Voltage Drop

As was pointed out in some of our other RV Solar Education pages, panels laid flat on the roof of an RV operate at a much higher temperature than panels in lab conditions at STC and NOCT. There will be a voltage reduction because of the resulting high cell temperatures. There will also be small voltage losses in the wire harness and the charge controller system. This means your panels need to be at a substantially higher voltage than your battery bank in order to overcome this drop and still be able to store power. Standard 36 cell solar panels intended for nominal 12 volt battery charging typically operate between 16.5 volts and 18.5 volts (according to their STC ratings). When you factor in the voltage drop from the heating of the cells and the other known system-wide voltage drops, some of these solar panels may not be able to fully recharge batteries in hot conditions.

A couple methods exist for overcoming the voltage drop described above. One method is to start with solar panels that have operating voltages that are above 17.5 volts and use a heavier gauge wire for the system wire harness. The panels we have built for us operate at 17.7 to 18.5 volts which will provide the necessary potential to overcome the other system voltage drops and still have enough voltage to finish charging your batteries even in the hottest conditions.

The other method for overcoming voltage drop is to place two or more standard 36 cell solar panels in series with each other.  This increases the operating voltage of the solar array while keeping the amperage low.  This higher voltage is then fed to an MPPT type charge controller which steps down the voltage and boosts the amperage.

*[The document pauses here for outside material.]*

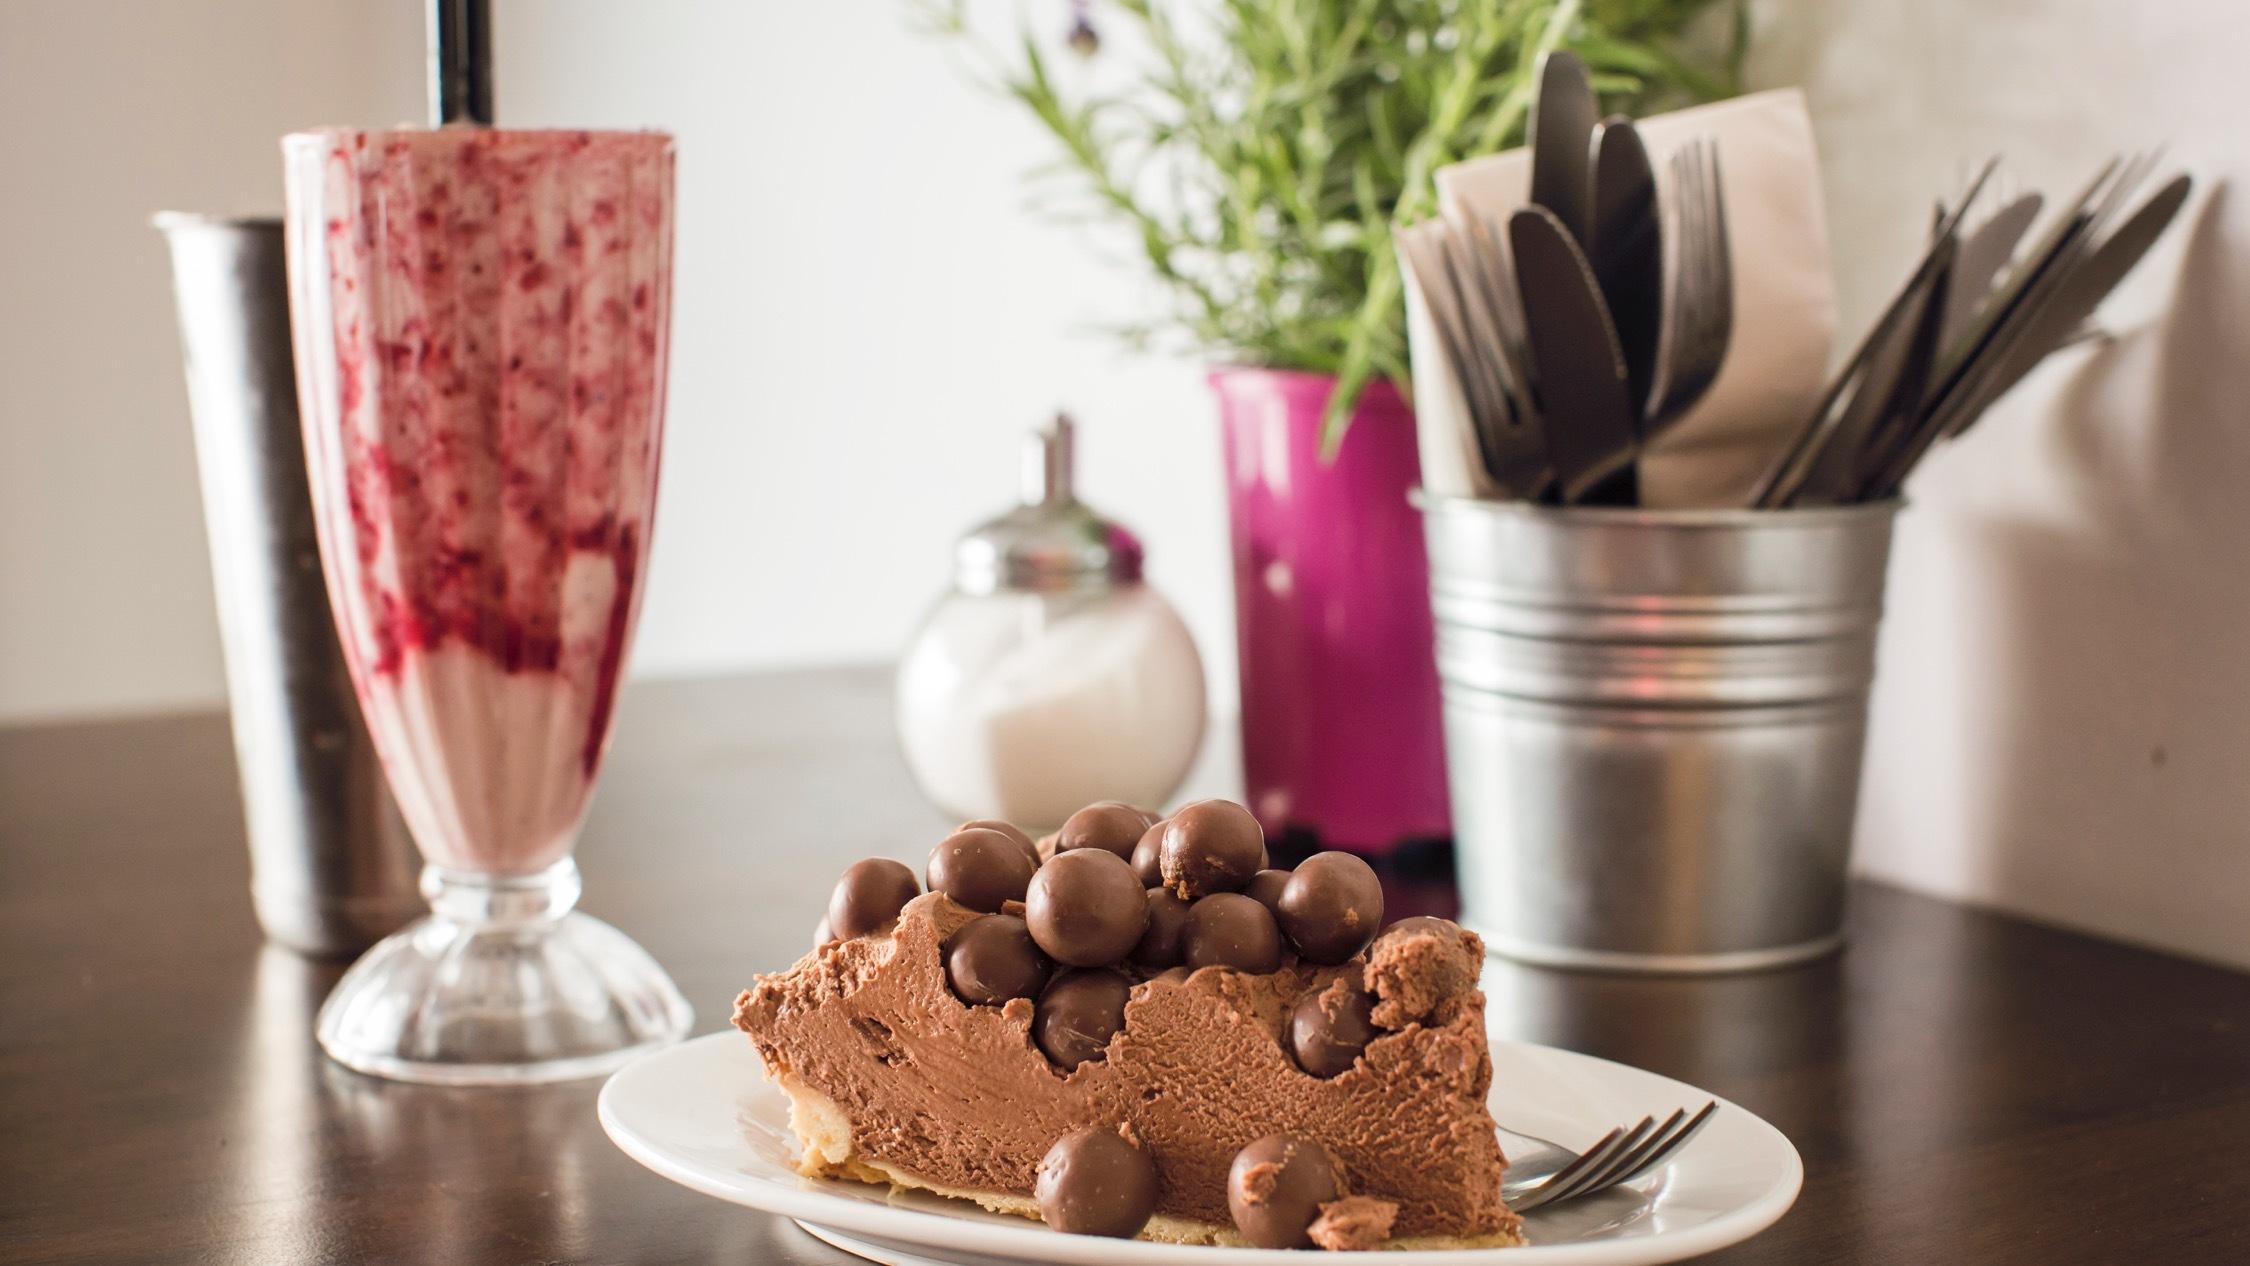 Cake at Milk Bar by Cafe Ish

This is a viable way to overcome the voltage drop, but it comes with some drawbacks. One is, that when you series connect two or more solar panels, you run the risk of dramatically reducing the energy production if any part of those panels gets shaded.  Another drawback is, that the higher the voltage entering the controller, the less efficient the conversion process is to lower the voltage coming out of the controller to level safe for feeding onto a 12V battery bank.

For example:  We have two customers with the same solar panels and charge controllers.  One day they ended up parking next to each other in the desert.  One customer had four 100 watt solar panels, installed by AM Solar, connected in parallel.  The other customer bought the same equipment from us, but had their panels installed by someone else in series.  The customers decided to see how the two systems compared since they were both being exposed to nearly identical conditions. They looked at the charging amperage when both systems were in full sunlight, with no shade on the panels, and found that the panels connected in parallel produced a slightly higher charging amperage. Then they monitored the charging amperage while standing on the RVs’ roofs and casting similar shadows on a single panel in their arrays.  The series connected system had a very dramatic drop in charge current while the parallel connected system only dropped by about 25%.  The three unshaded panels in the parallel connected system kept on producing power, while the shaded panel in the series connected system disrupted the entire array.  The moral of the story is that in RV applications (where partial shade may be very common), it is best to have your solar panels wired in parallel.